▶ _INSTRUCTIONS TO FOLLOW_
Make an exact copy of the records, dropping all pictures.

▶ _SUPPLIED MATERIAL_
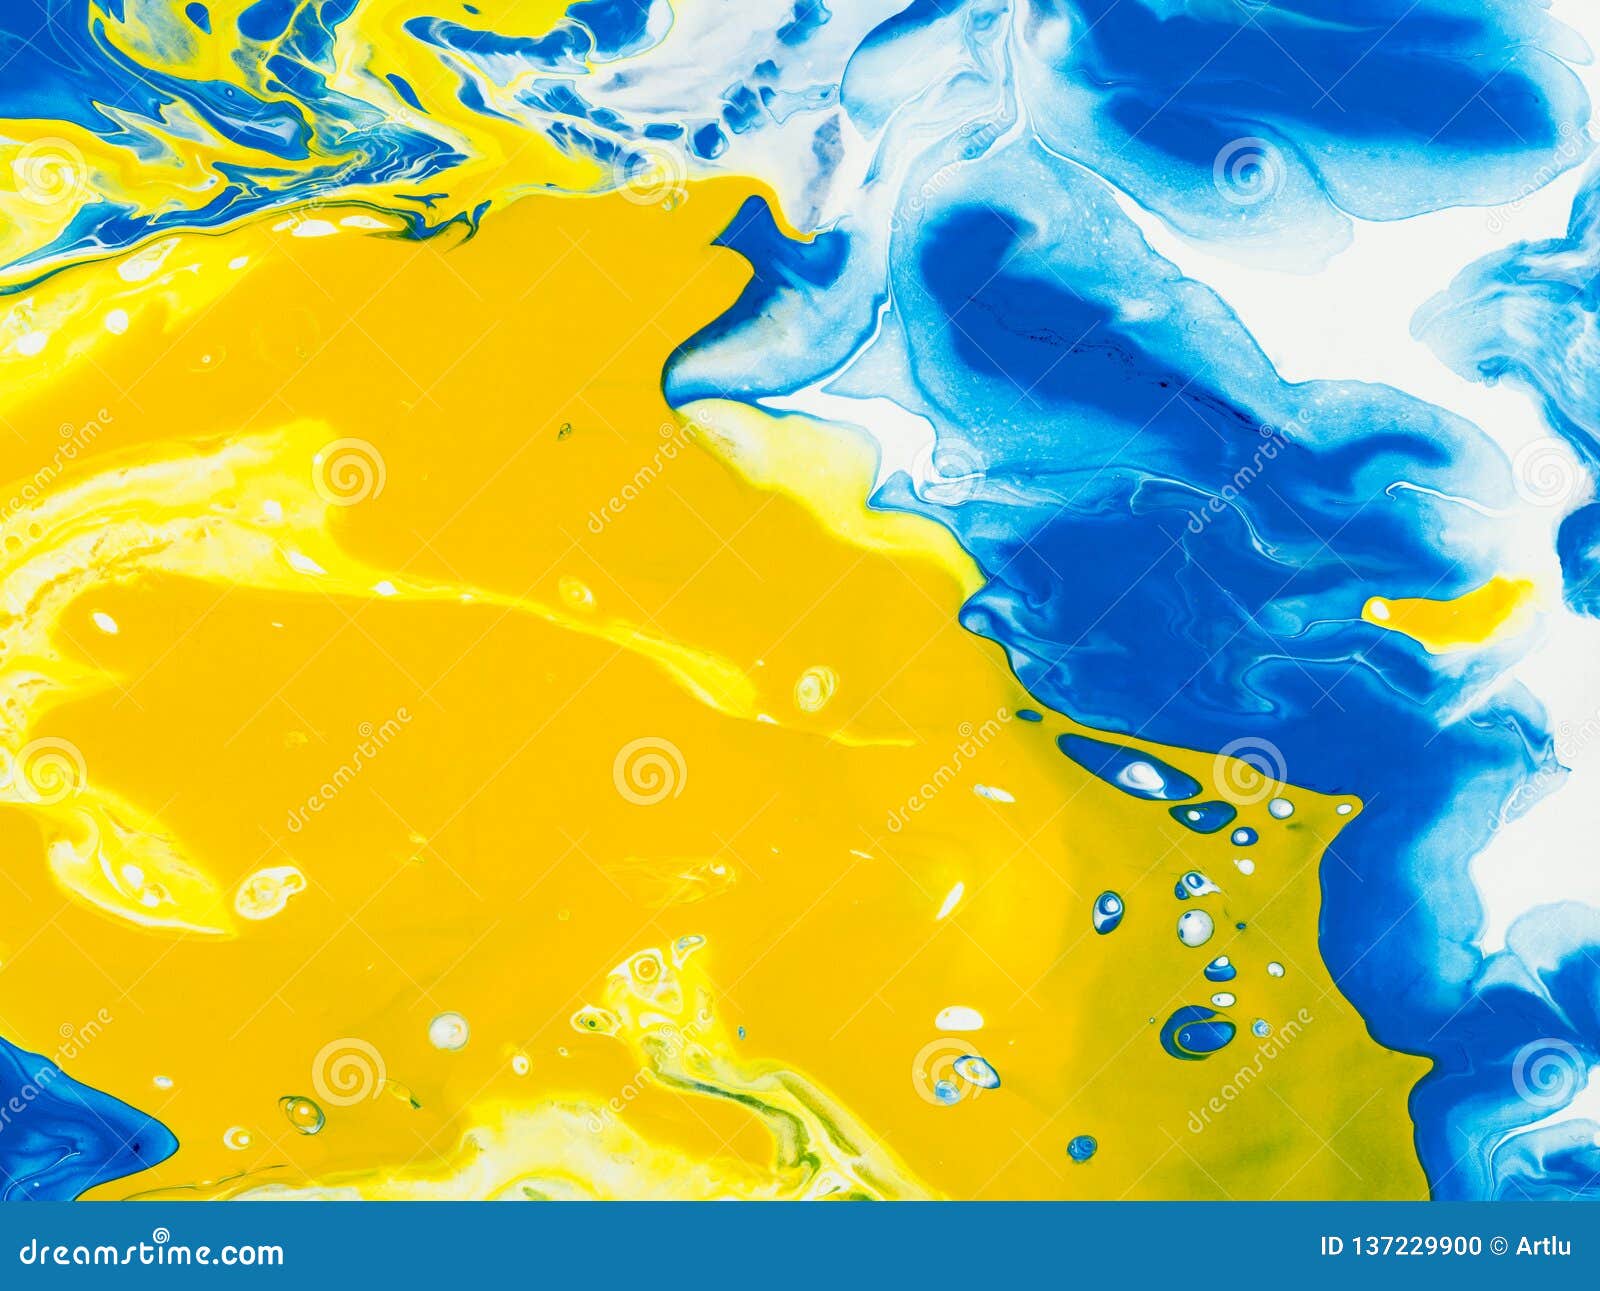 Blue and Yellow Creative Abstract Hand Painted Background, Marble ...
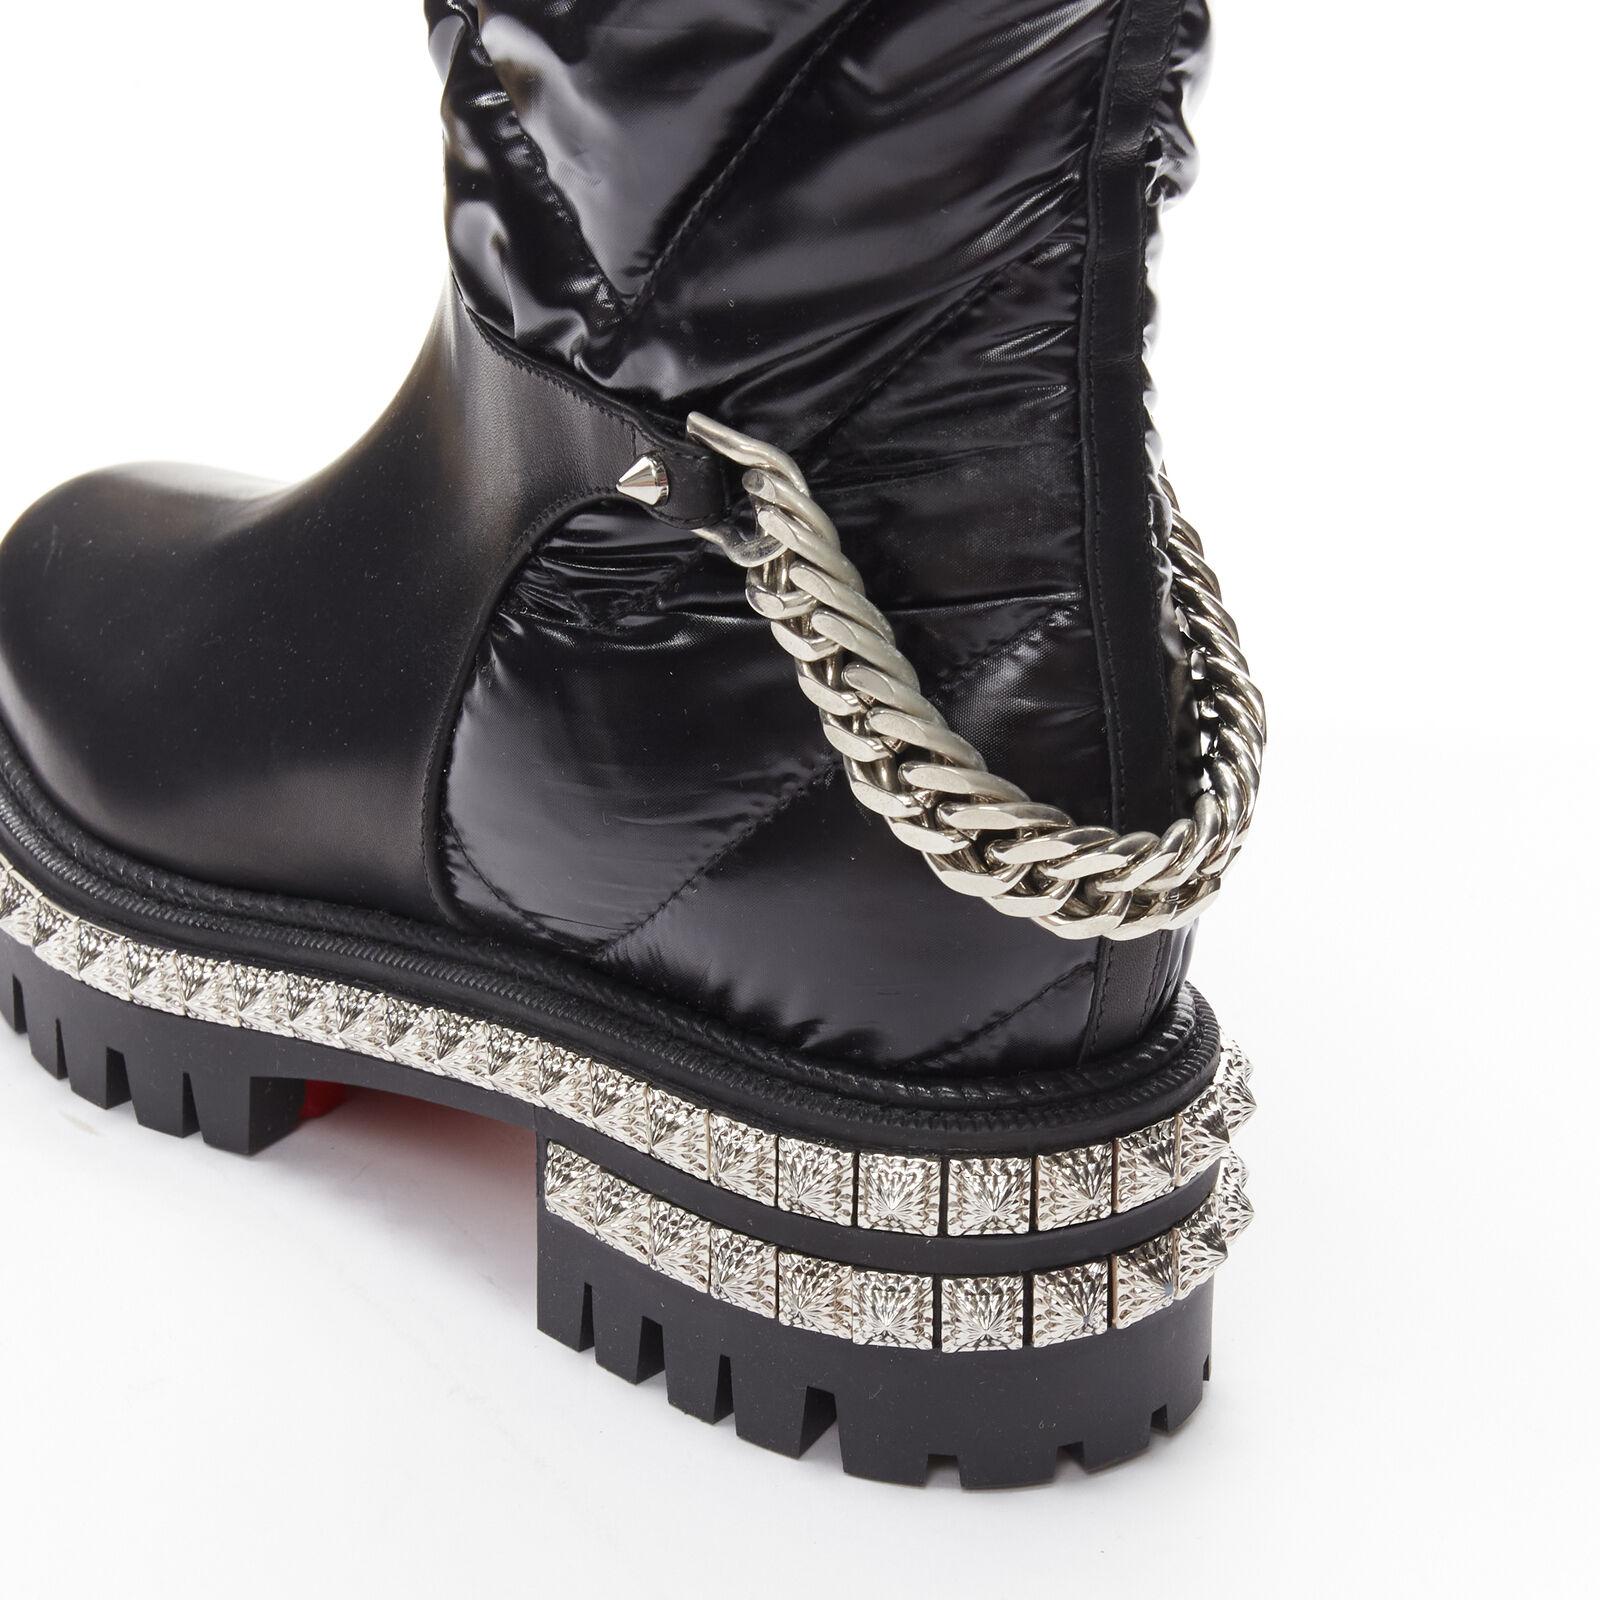 new CHRISTIAN LOUBOUTIN Verdonna Flat black nylon duvet chain studded boot EU37
Reference: TGAS/C01485
Brand: Christian Louboutin
Model: Verdonna Flat
Material: Calfskin Leather, Down
Color: Black, Silver
Pattern: Solid
Closure: Pull On
Lining:
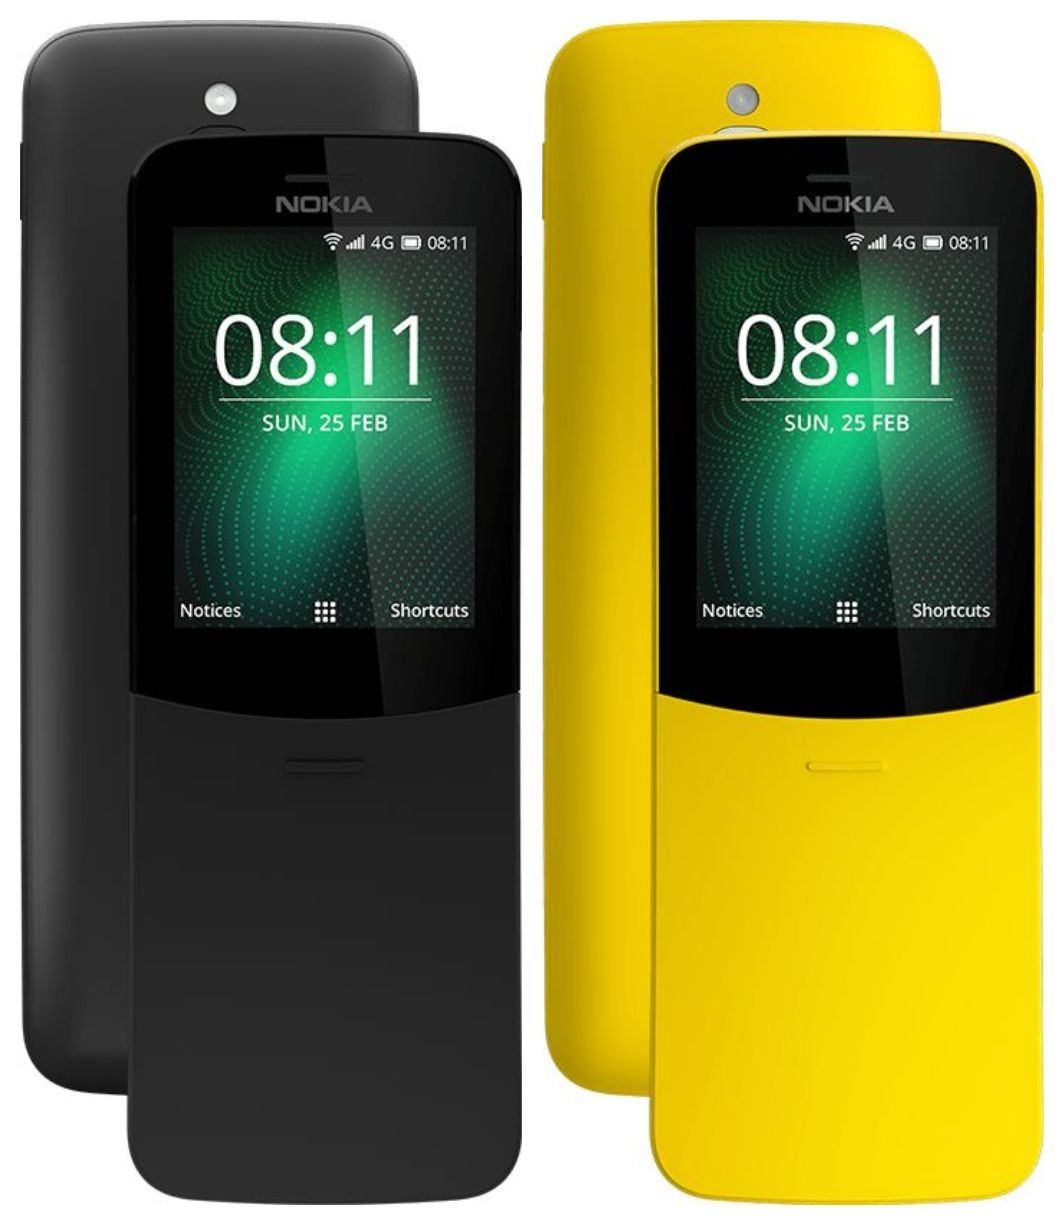 Nokia 8110 4G: Advantages and Disadvantages of the Model

▶ _SOLUTION TO THIS TASK_
 Blue and Yellow Creative Abstract Hand Painted Background, Marble ...
 new CHRISTIAN LOUBOUTIN Verdonna Flat black nylon duvet chain studded boot EU37
Reference: TGAS/C01485
Brand: Christian Louboutin
Model: Verdonna Flat
Material: Calfskin Leather, Down
Color: Black, Silver
Pattern: Solid
Closure: Pull On
Lining:
 Nokia 8110 4G: Advantages and Disadvantages of the Model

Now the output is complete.